Inna Shevchenko: It wasn’t planned. I had to escape the country after cutting down the cross. After fleeing Ukraine I spent the first few days in Poland thinking what to do next, where to go next. What would be the most strategical place? 

Read cafebabel.com's 2011 interview with Inna Shevchenko

And then France came up. We had many supporters here at that time and many activists were waiting for us. Also if you want to develop feminism, if you want to give it a new form, then France becomes the first logical choice.

cafebabel.com: What are you doing today, apart from being an activist?

Inna Shevchenko: Today I only have my activism. Of course it wasn’t like that from the beginning. Sometimes at night, when I close my eyes, I wonder – what if I was to wake up in the morning and there was no Femen. Then what? Then I am nothing (laughs). I am not interested in anything else, I don’t feel that I want to do something else. I really find myself in what I am doing.

cafebabel.com: Do you have male friends? Or are all men afraid of you?

Inna Shevchenko: I don’t know - you have to ask men! I don’t have so much time for men. If you are asking about my personal life, I don’t have any long-term or serious relationships. This is a personal choice. Of course there are some who are running away because they are scared, and don’t support or like what I do, or whatever. But I don’t have problems with men that I would like to be with because definitely there are types of men that support and accept my activity. There are a lot of men around who support and help Femen.

cafebabel.com: You once said that your actions allow you to ‘check each country’s level of its liberation’. How do you see France from what you have experienced during the different protests you carried out in France?

Inna Shevchenko: When you come from Ukraine you only hear about the perfect image of this country – that it is very emancipated, feminist, that women have reached everything here, that everything has been done. That’s why they are writing books here – because they don’t need to do anything more. When you live in eastern Europe you expect a perfect life, heaven, and when you come here you don’t understand, you are a bit confused. Yes, of course it looks better.

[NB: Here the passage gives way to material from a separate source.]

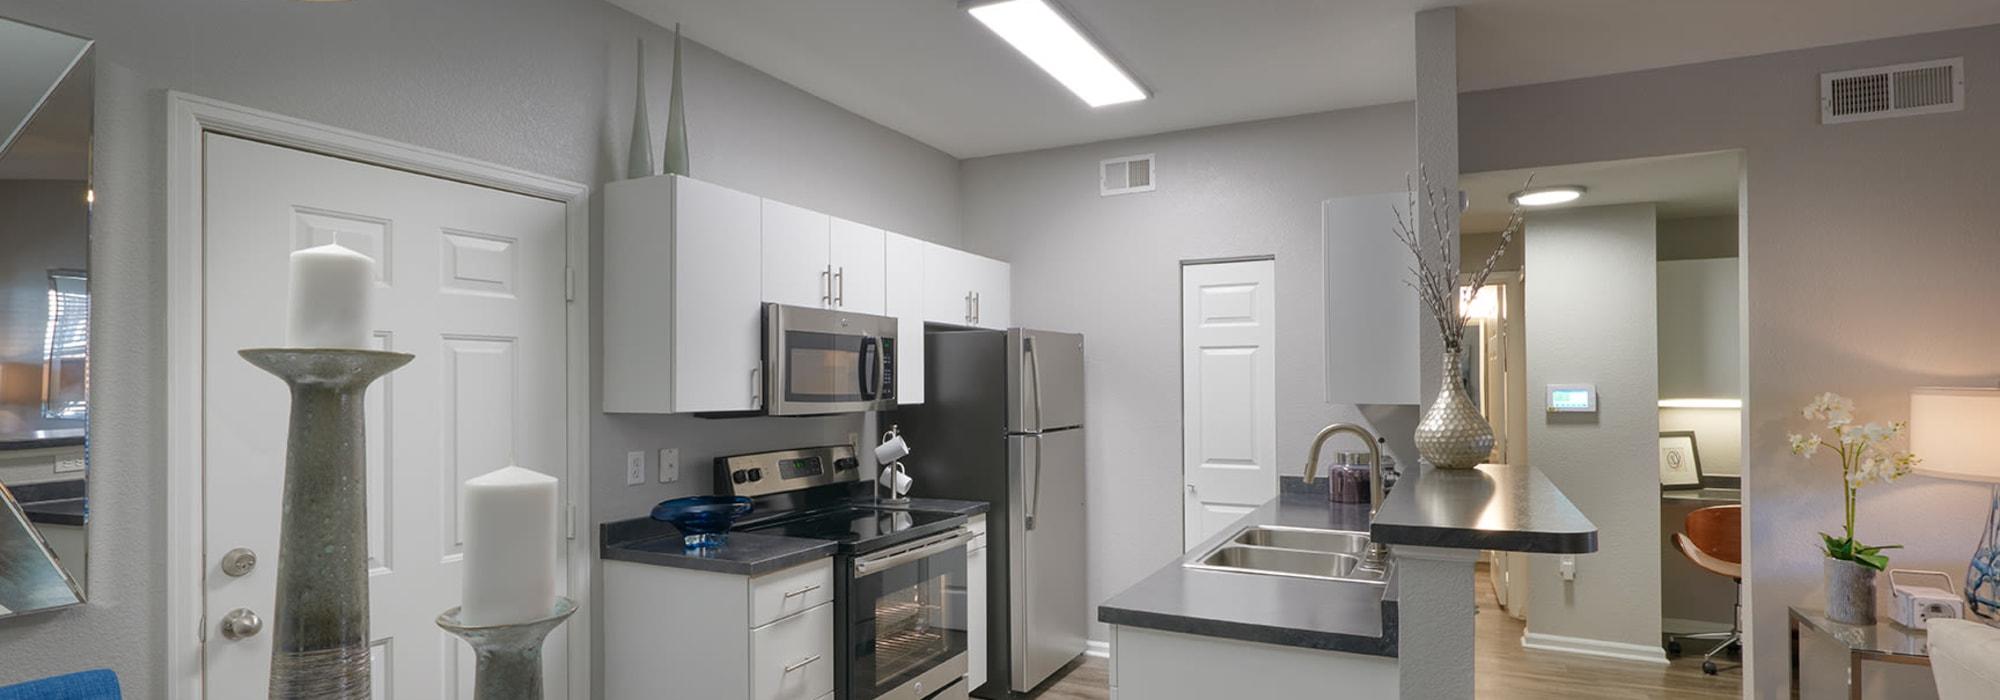 Privacy policy of Crestone Apartments in Aurora, Colorado

Once you try to scratch beneath the surface with our actions, we understand that the question of secularism is a theory. When I talk to the girls, I understand that there are guys who touch women’s asses here too! Those guys propose them to have sex for a cocktail. This is why we are trying to explain that there are no societies where women and men have reached equality. I cannot compare Ukraine and France. We are too far. There are a lot of things that have already been done in France, that make you feel proud to be in this country. But let’s not put rose-tinted glasses on; let’s keep going and doing it.

cafebabel.com: Do you get threats ?

Inna Shevchenko: Yes. Yesterday night, before going to bed, I received a text message from a French number (shows me her mobile phone) ‘Die’; ’Fuck Femen, you are a shame for women and the world’; 'Fuck you Inna. The day you die I will open a bottle of champagne’; ‘I hope you will die soon’. Yeah (laughs).

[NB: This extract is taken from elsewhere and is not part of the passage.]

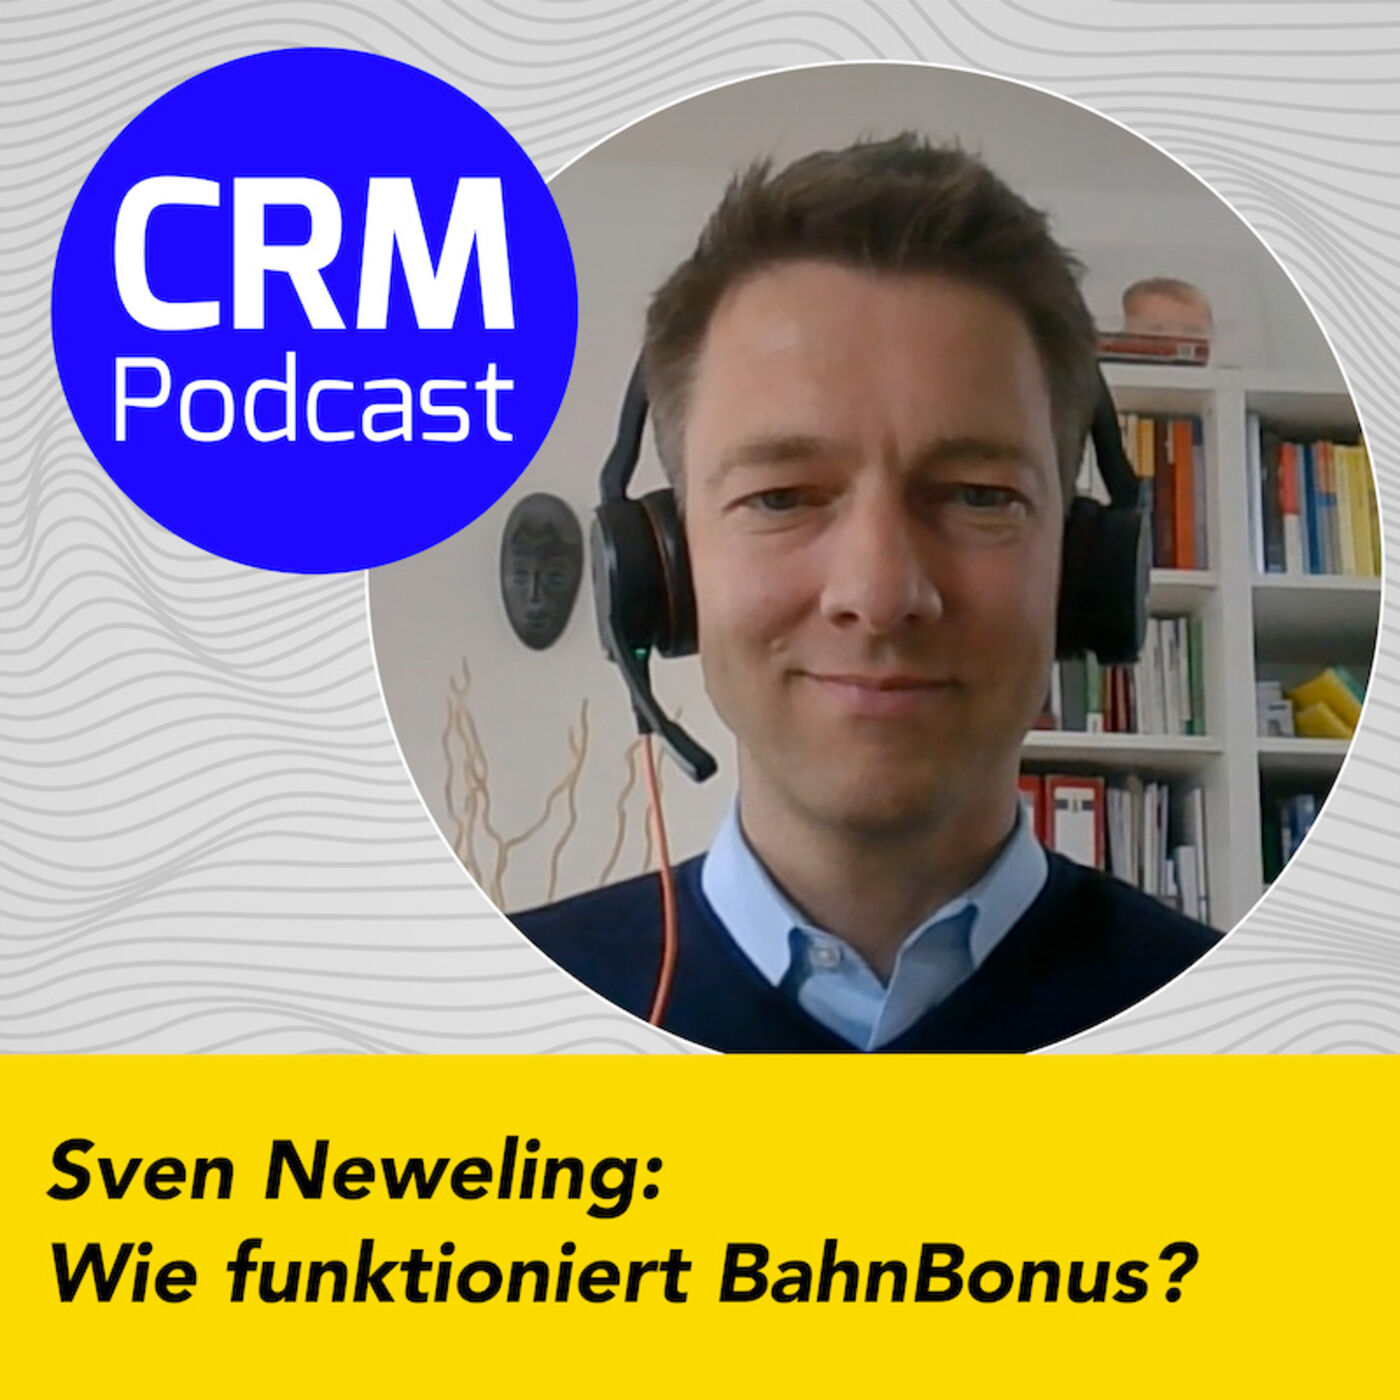 (#11) Sven Neweling: Wie funktioniert BahnBonus?

cafebabel.com: Are you scared?

Inna Shevchenko: Our protection is our actions and our activity. Until now we keep going and we are protected because they are scared. Of course I know that I can be killed. But it is all about personal choice and we are all thinking about it.

'I have already been in a kind of situation where I was already prepared to die, in Belarus'

Maybe I am the only one who is saying this, because I have been in a kind of situation where I was already prepared to die. It was in Belarus, where I was waiting for death to come for 24 hours. And you just check yourself. I did it when I was being nearly killed. I then realised that I don’t feel sorry and I don’t want to change anything to stay alive. When they try to do it, it shows how scared they are and it shows the huge potential of what we do.